Get Out! – an intelligent thriller says reviewer David Vass
Posted on 4th May 2018It’s a truism that the characters in thrillers frequently act irrationally, leaving their frustrated audience mute with impotent rage. All we want them to do is get out, yet they rarely follow this advice. Jordan Peele is obviously a genre fan and has clearly been in that audience. In this impressive directorial debut his Oscar winning screenplay carefully orchestrates the action, racketing up the tension unbearably, without ever sacrificing sympathy for his protagonist, brilliantly played by BAFTA winner Daniel Kaluuya.
Much has been made of Get Out’s similarity to the pervading unease of The Stepford Wives, but there are shades of many other 70s classics. Rosemary’s Baby, Let’s Scare Jessica To Death, and even the Wicker Man eschew the visceral, instead focusing of a creeping sense of dread, as presumed paranoia slowly gives way to the idea that someone really is after you. Add to the mix a sly dig at post-racial liberal US politics, and you have a sharp, witty homage to clever thrillers that nonetheless ploughs new ground – making apposite points about American culture without laying it on too thick.

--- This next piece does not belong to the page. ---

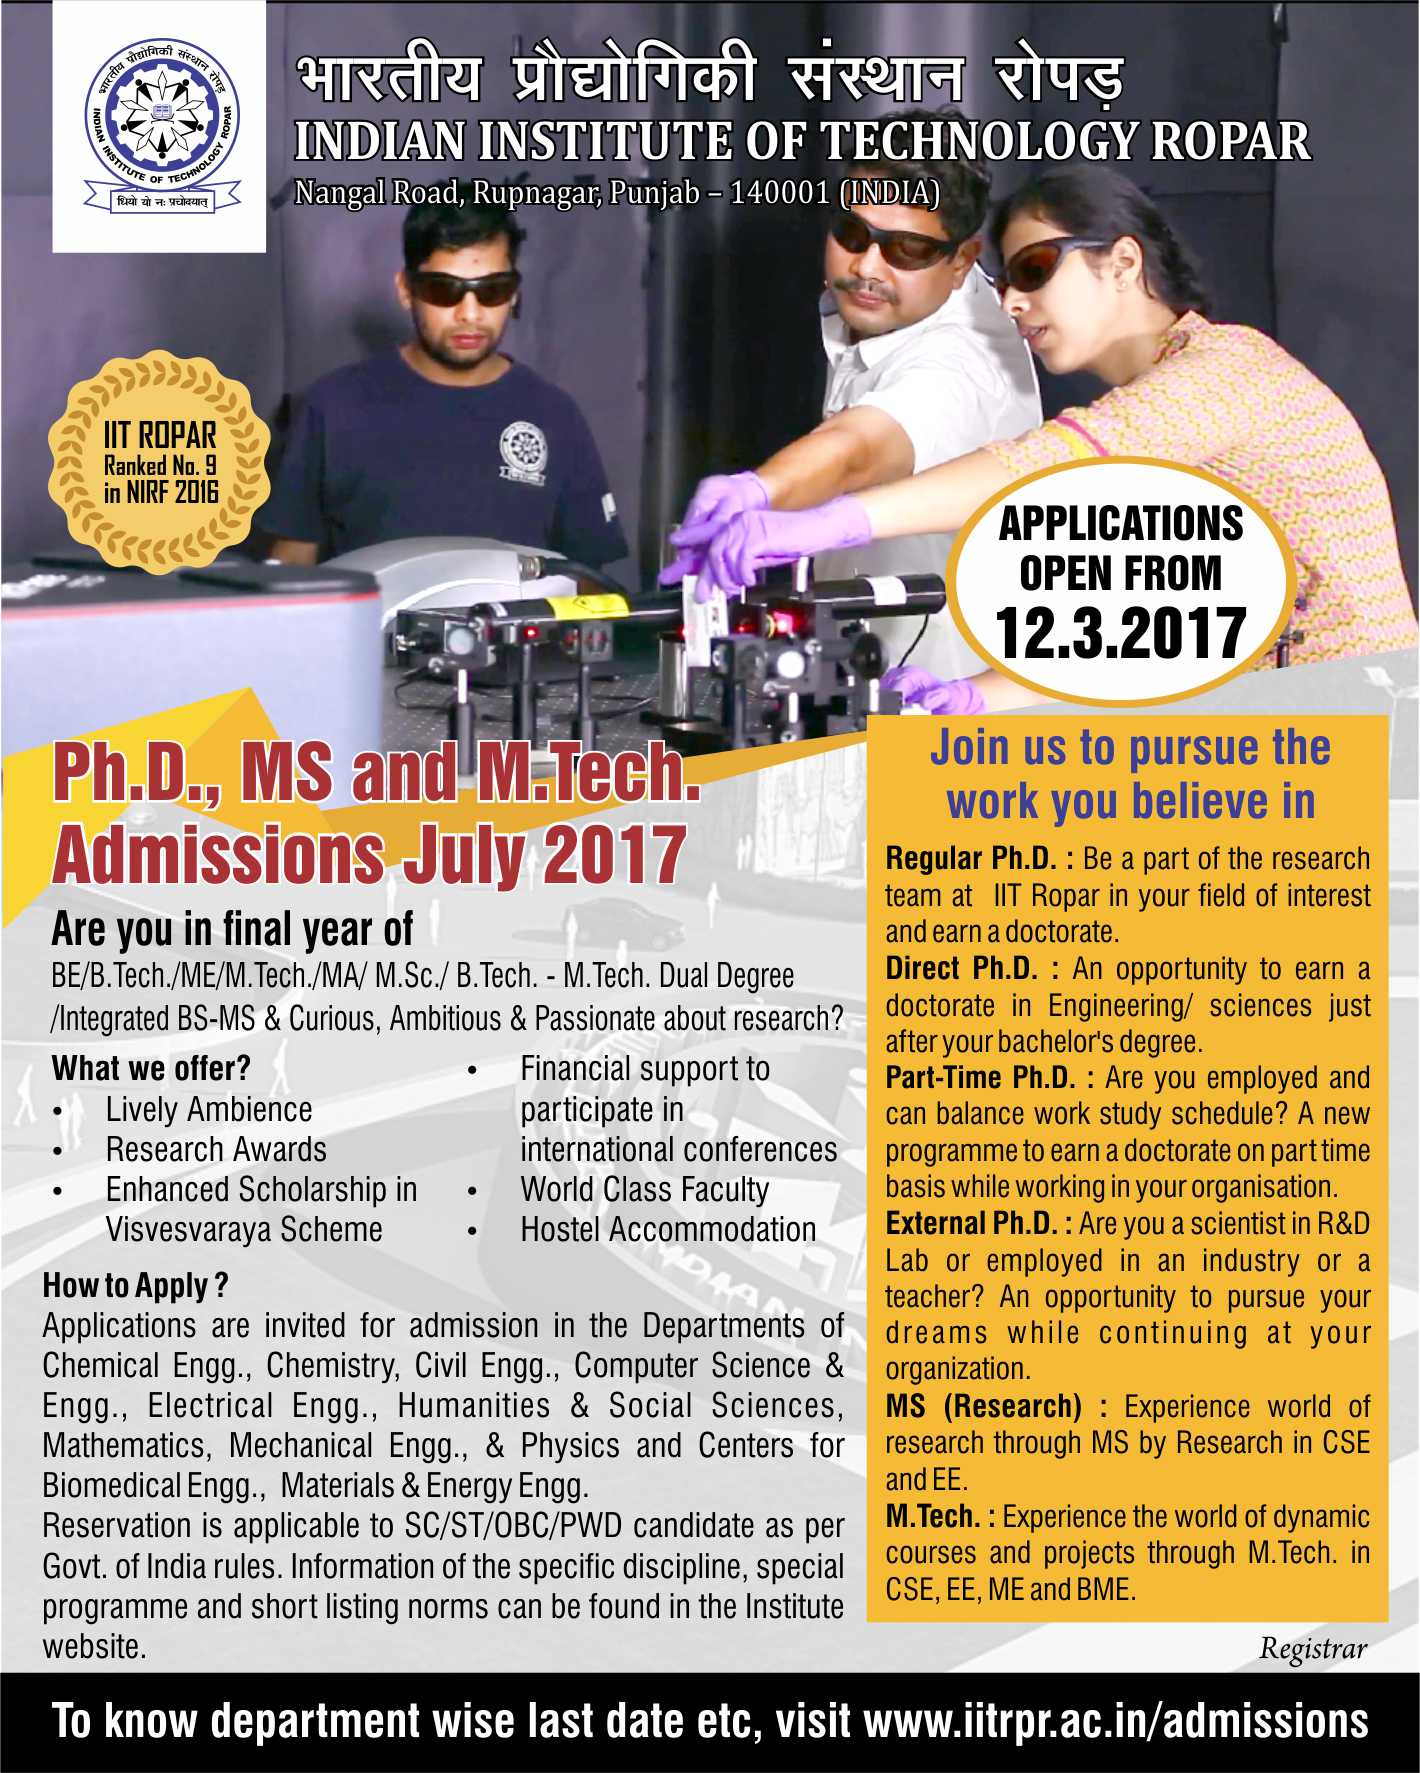 IIT Kharagpur - Master and Doctoral (PhD) Programs for International  Students IIT Kharagpur invites applications for Admissions, open for  International Students to enroll for Master and Doctoral (PhD) Programs at  IIT Kharagpur

It’s a pity that the film is being sold to the horror market. Gore hounds brought up on the grotesquery of Eli Roth and Rob Zombie are going to be hugely disappointed by its restraint, while those looking for a classic chiller are in danger of missing out on a superb, nuanced movie about race, conspiracy and deer antlers – I would urge fans of intelligent cinema not to make that mistake.